Exercise prompt |
Output exactly, and only, the lines below from the one with "Nicu & Jess, Headerbild" down to the one with "Fabricaci n de". Include both end lines and no pictures.

Task data |
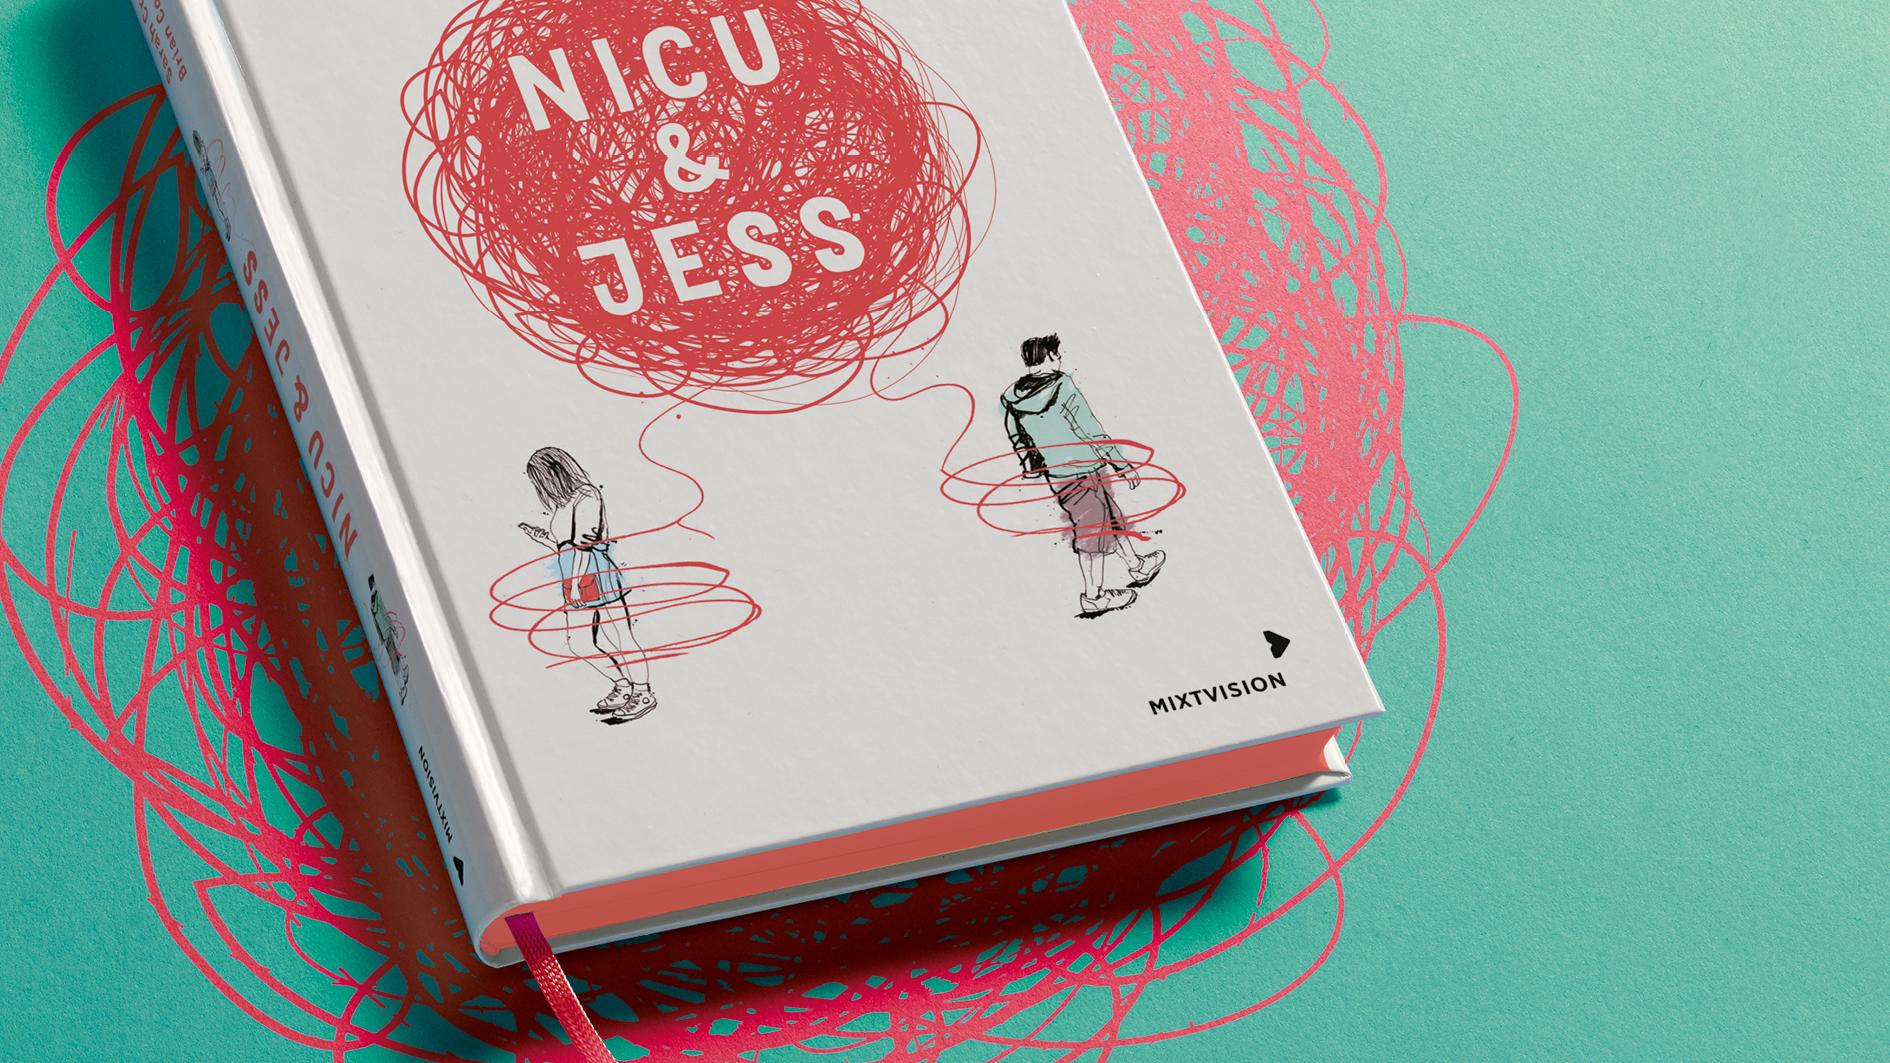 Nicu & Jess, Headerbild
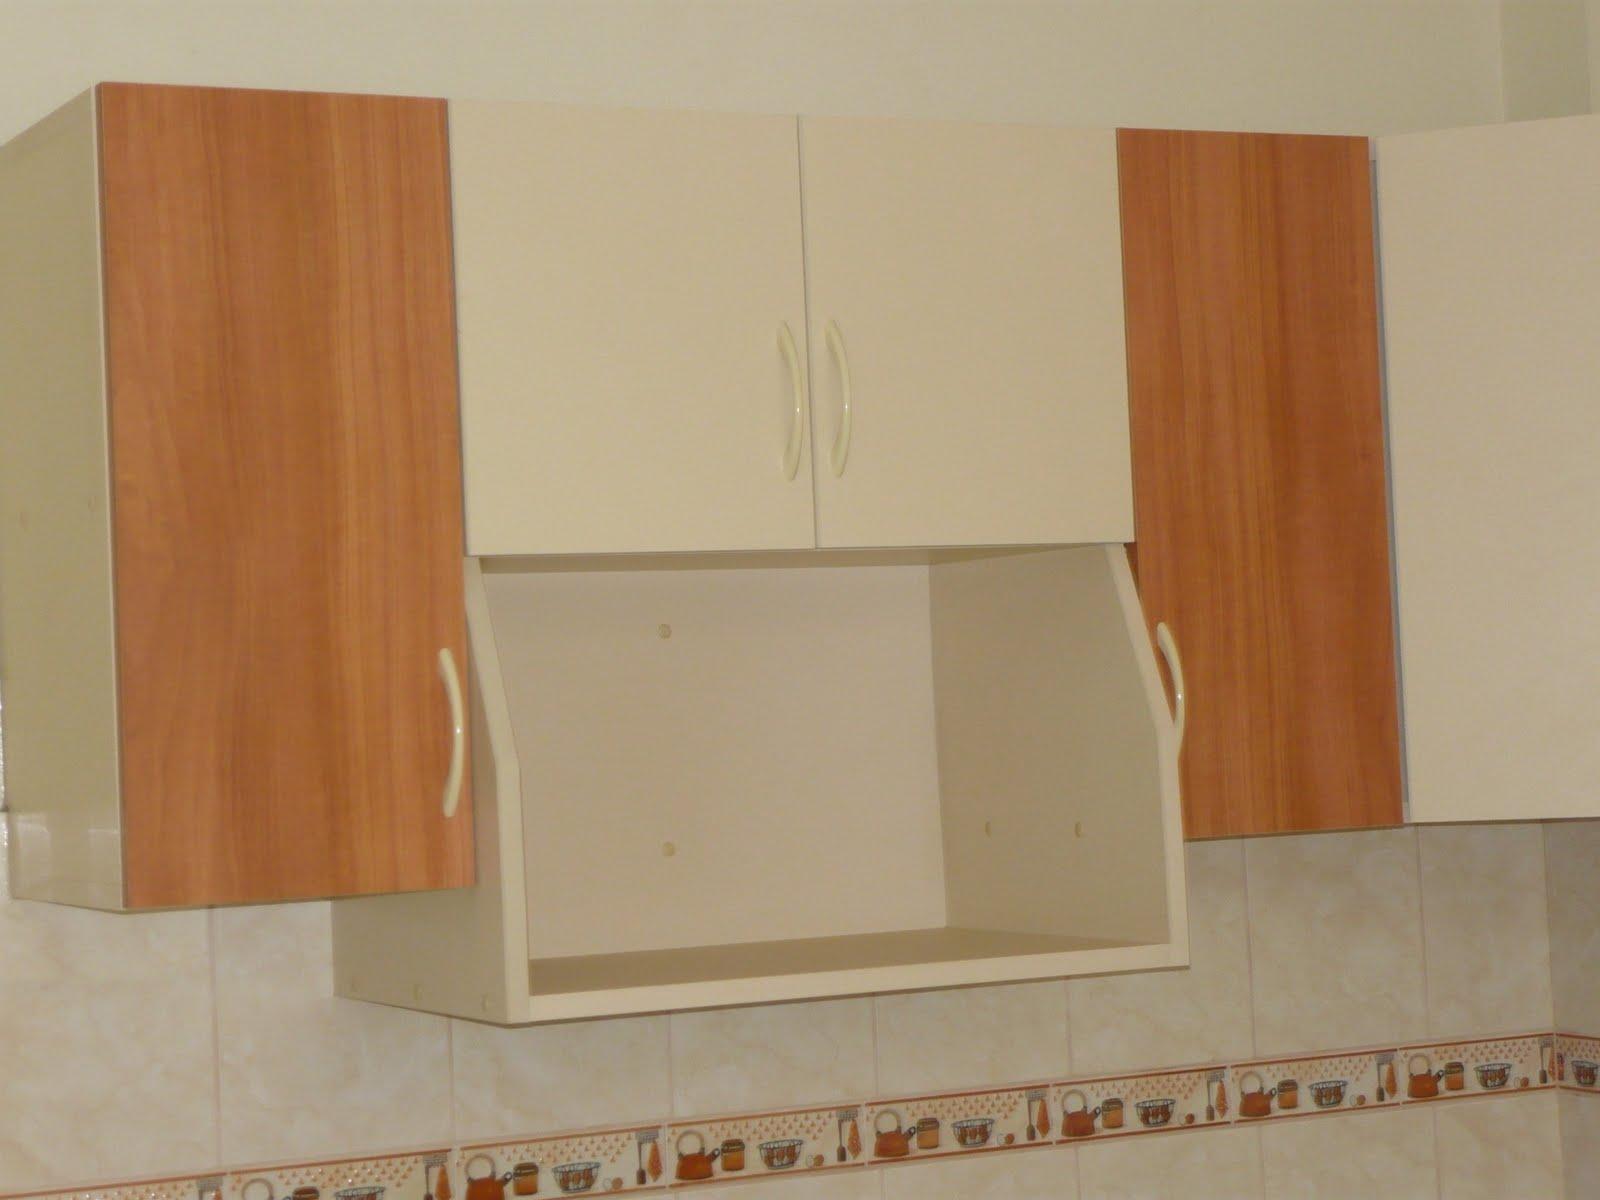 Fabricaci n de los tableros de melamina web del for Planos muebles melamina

---

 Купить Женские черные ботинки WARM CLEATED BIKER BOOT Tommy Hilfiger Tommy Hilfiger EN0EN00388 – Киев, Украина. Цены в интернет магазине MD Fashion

Response to the exercise |
 Nicu & Jess, Headerbild
 Fabricaci n de los tableros de melamina web del for Planos muebles melamina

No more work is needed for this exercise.